Aaron makes a face. "Especially when it's you supergluin' your teachers to chairs."

"That were a stroke of genius," she argues, and Aaron just rolls his eyes.

"D'ya need money for lunch?" he asks, fishing a crumpled fiver from his pockets. Both of them are momentarily grateful for the lack of Robert just then - Liv can practically hear his sigh, feel the indiscriminate glance at them both over the table. 

"Cheers," she grins, grabbing it and doing a runner out the front door.

 

-

 

She meets Gabby at the bus stop. Her tie's loose and her hair's immaculate, frizz forced into a high bun that frames her face. It's nearly summer, so her freckles have begun to sprout. "Hiya," she says. "Are we going in today, or -"

"Yeah," Liv says, rolling her eyes, spelling out _Aaron_ in bold letters. "We can bail at lunch time, though."

Jacob joins them, as does Noah, an obnoxious blue hoodie replacing his school jumper. He smiles up at Liv from beneath fair eyelashes, squinting in the sun and Liv ruffles his hair, _hello_. It's like having a puppy beside her, or a little brother, but like - a little brother she can actually _stand_.

"I brought food," he announces from underneath her fingers. "Swiped 'em from the bar when Mum wasn't lookin'."

"Knew you were good for somethin'," Liv says, the corner of her mouth twisting up. 
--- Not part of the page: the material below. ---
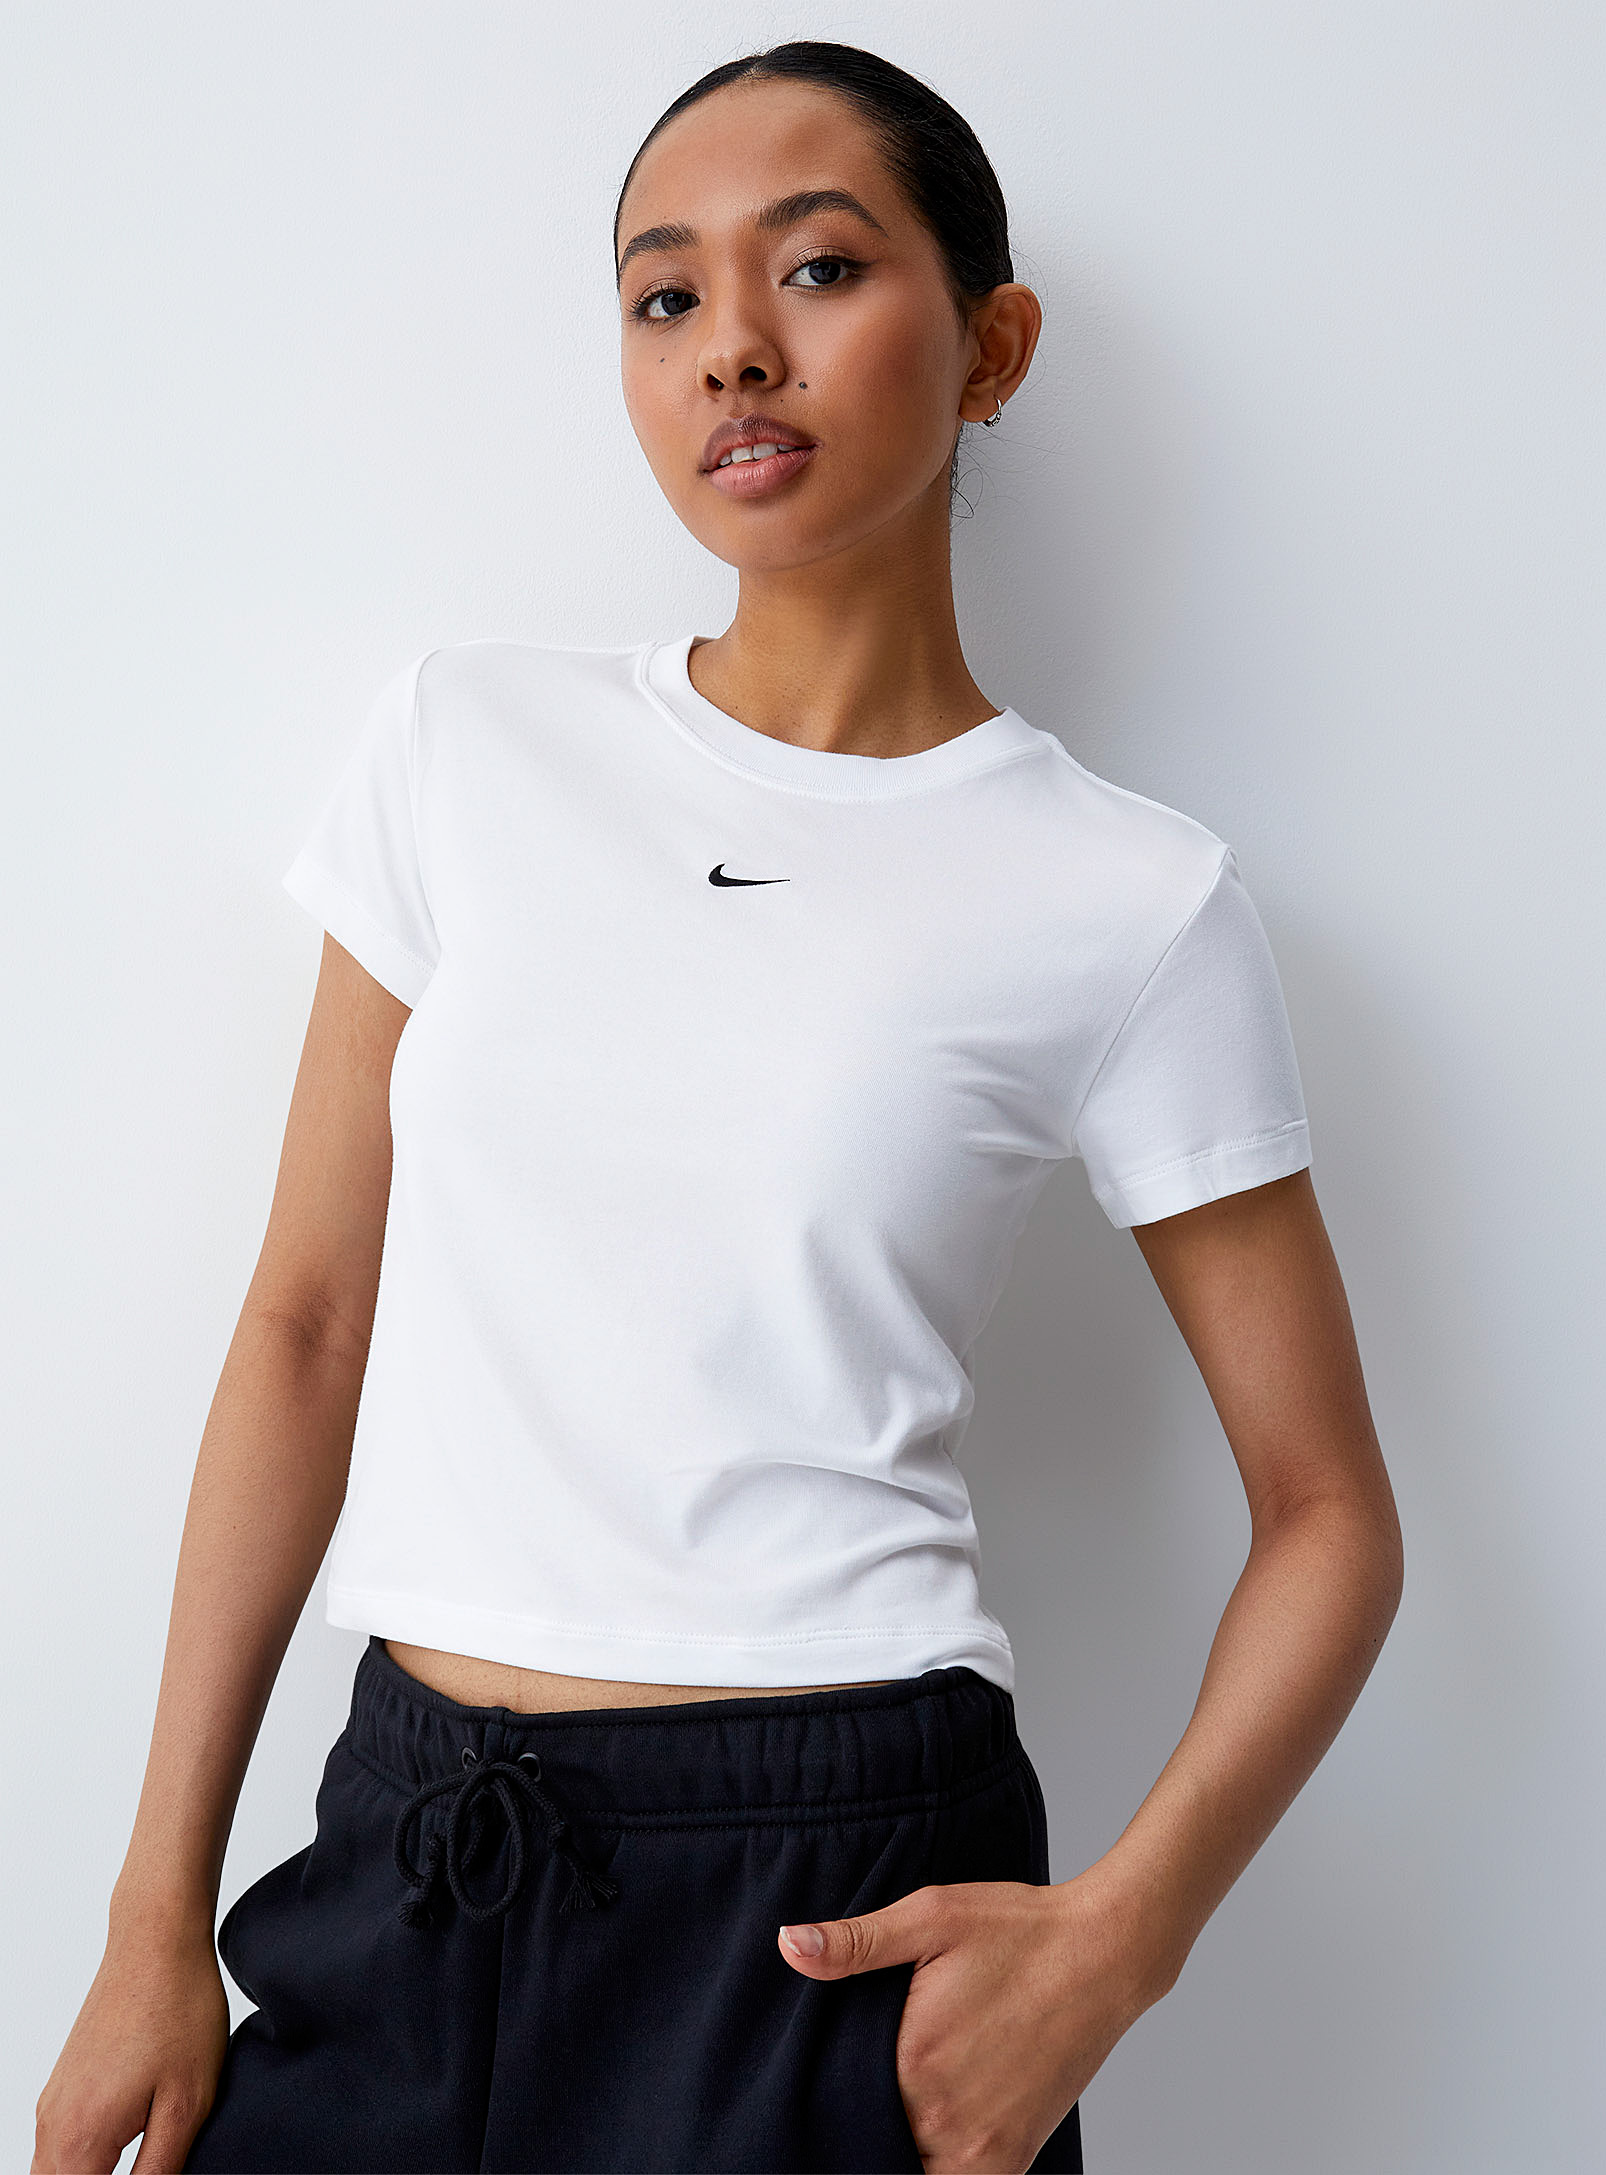 Nike - Women's Mini-logo Tee Shirt

The bus pulls up and they all pile on, find the four seats at the back that are so _theirs_ that they might as well stamp their names onto the patterned covers. Liv reveals the fiver and puts it to Gabby's tenner, Jacob's twelve, Noah's three. Thirty quid altogether. Enough for a trip into Leeds instead of fourth period; a welcome break from reality. Or at least from physics GCSE.

 

Leeds doesn't happen but the cricket green does.

It's a beautiful day, hot and dry. The drag of battered brown land is actually in use for once, with cricketers in white uniforms and grass stained knees cracking red balls left, right and centre. They're round the edges, congregating near the changing rooms, spread out across the grass, sitting on their jumpers. Other kids are present, enough that Liv comments how the school must be shitting themselves at how many students have bunked off this afternoon.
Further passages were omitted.